Facing the increasing probability of extreme events and their tremendous possible impacts on societies, it is inevitable to investigate their impacts on current and future energy, mobility and information systems. This is also more than valid, facing the aspect that through the network character of those systems, extreme events lead to cascading effects along its system-parts. That is why,natural disasters can have also severe impacts far away from their place of origin.
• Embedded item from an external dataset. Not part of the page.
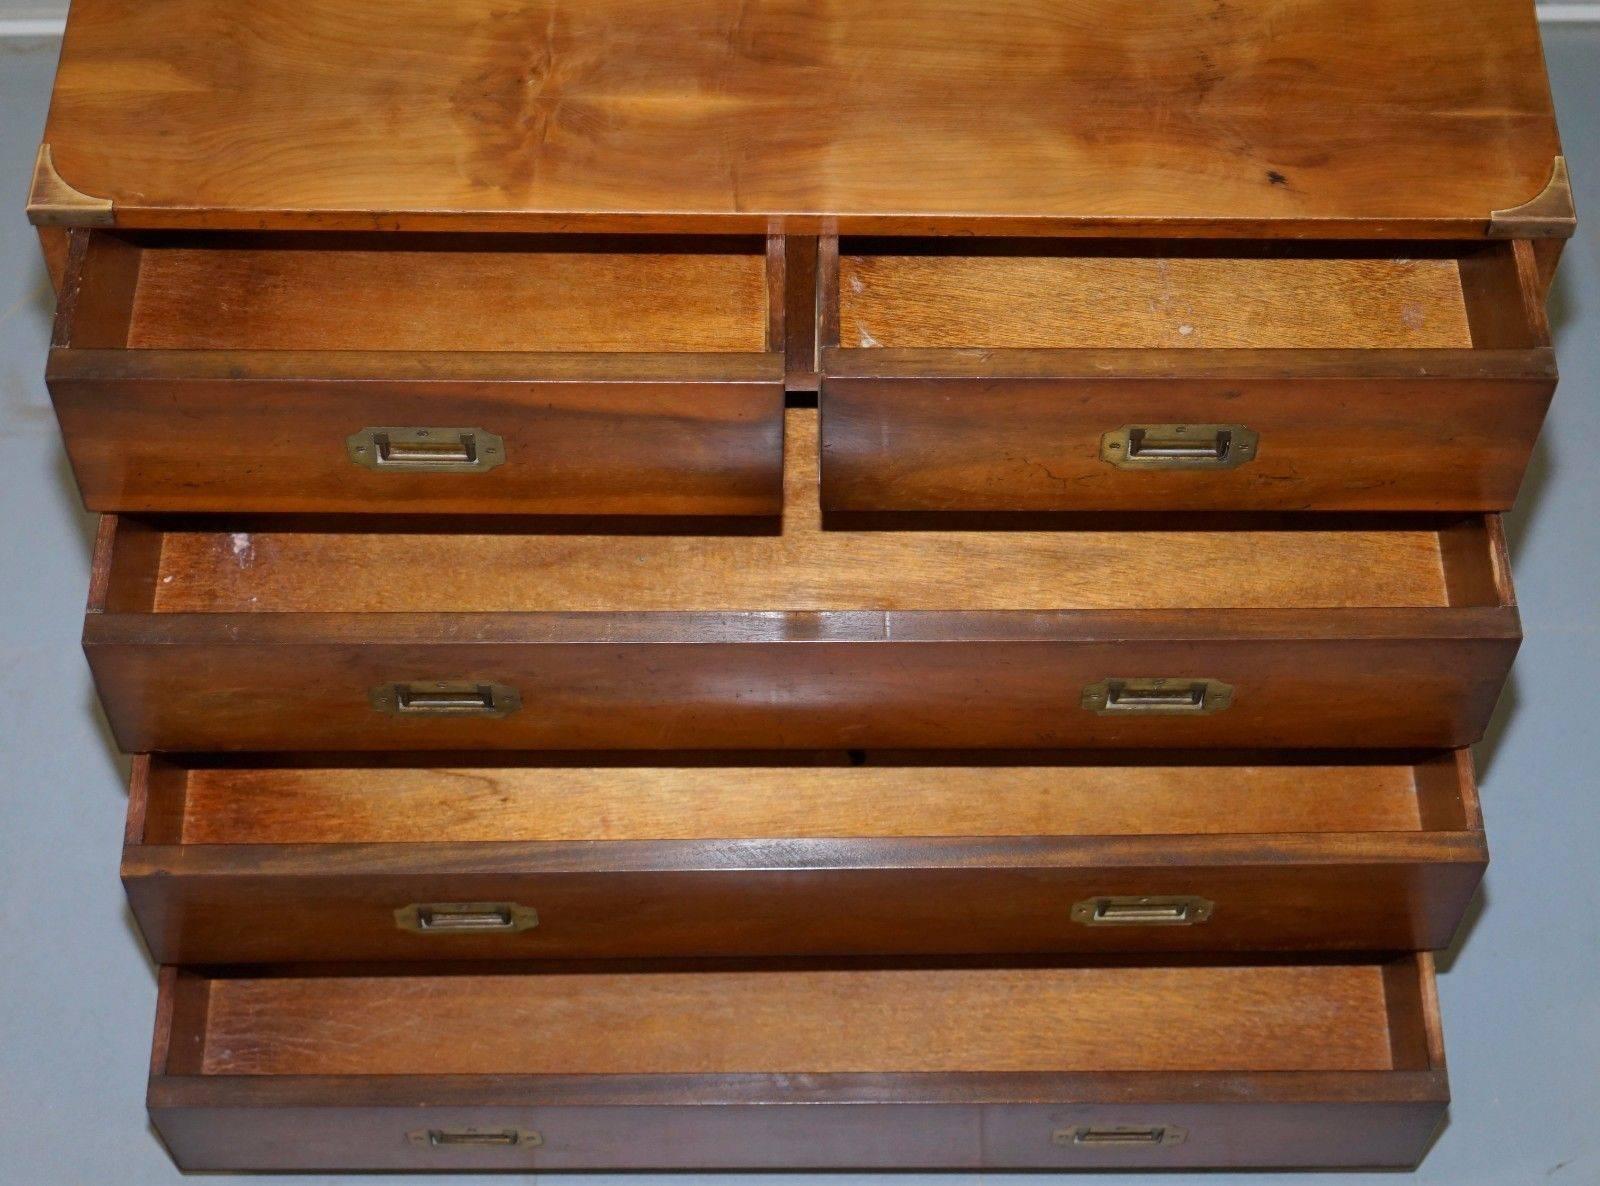 Hand-Crafted Yew Wood Veneer Military Campaign Chest of Drawers with Brass Fittings & Handles

The current globalization and strong interconnectedness around the world is also increasing this aspect. To assess the indirect impacts of natural events, two subprojects were implemented, dealing with supply chain vulnerability under consideration of global interconnectedness and changed consumer mobility requests in the aftermath of a disaster.
Aims / Objective
This project aims to investigate the impacts of natural disasters on supply chain performance as well as changed mobility behavior of households in the aftermath of a disaster. Furthermore recommendations on supply chain design, sourcing strategies and on mobility regulations will be given.
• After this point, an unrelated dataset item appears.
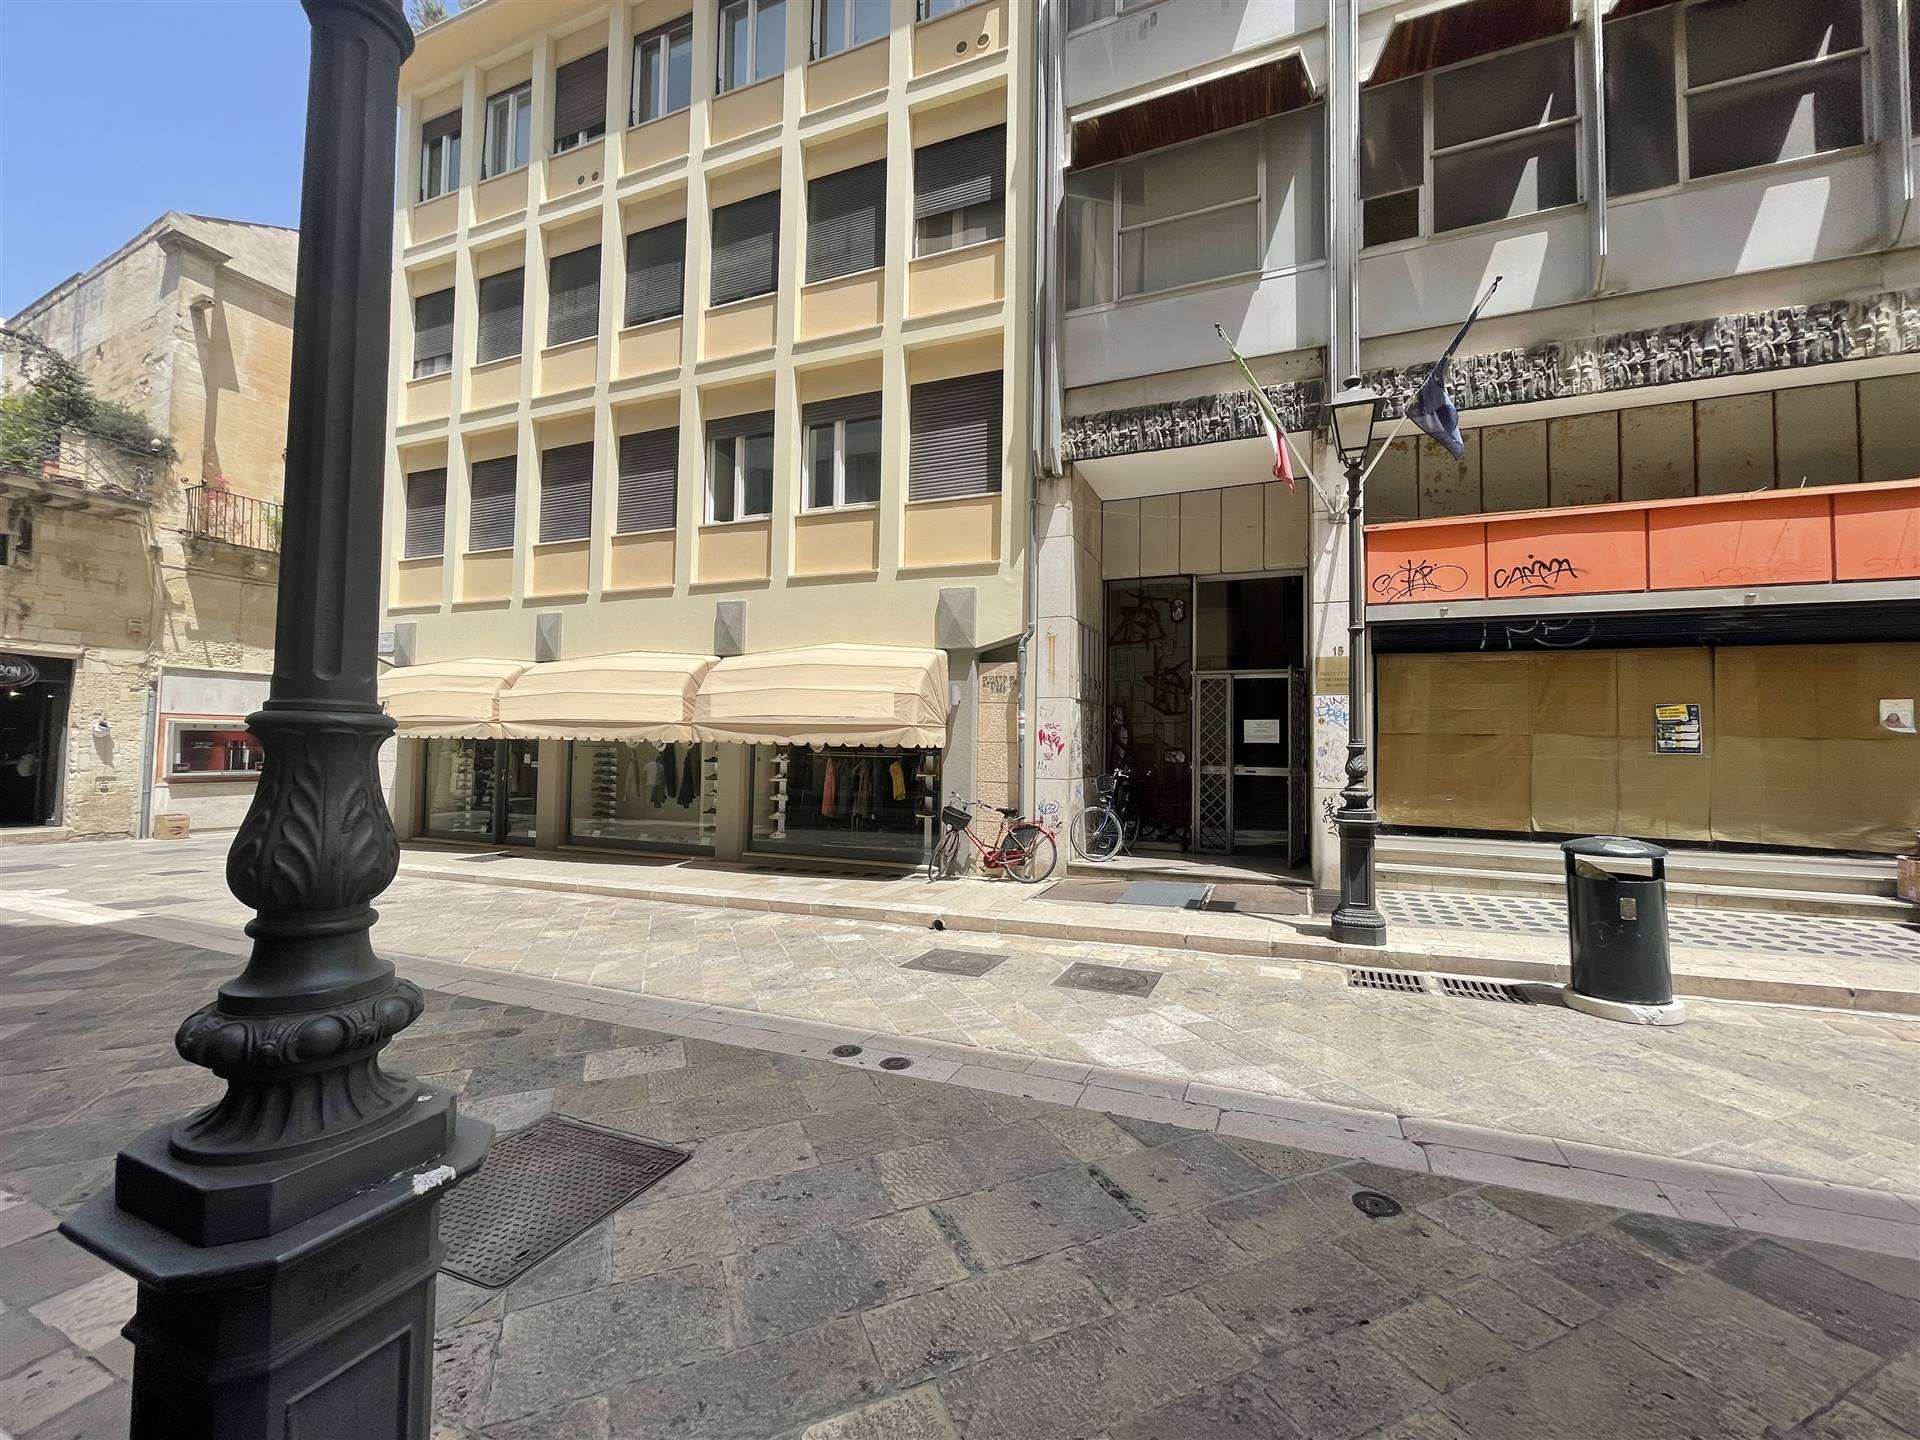 CENTRO STORICO, LECCE, Office for sale of 2525 Sq. mt., Heating Individual heating system, Energetic class: E, Epi: 10 kwh/m3 year, composed by: 75

Subproject 1: Effects of extreme events on supply chains
For a detailed investigation different vulnerability drivers for a supply chain had been identified and classified according to different types of risk. The aforementioned extreme events are part of the external supply chain risks, which cannot directly be influenced by e.g., a corporation or country. Furthermore, the vulnerability of a place or location is determined by different pre-event characteristics. Those factors can be social, economic, physical and environmental characteristics. In an intensive literature review had those factors been identified and a selection had been made regarding the topic. The next step is the formulation and implementation of the model to assess the impacts of natural disasters on supply chains and the application for defined case studies.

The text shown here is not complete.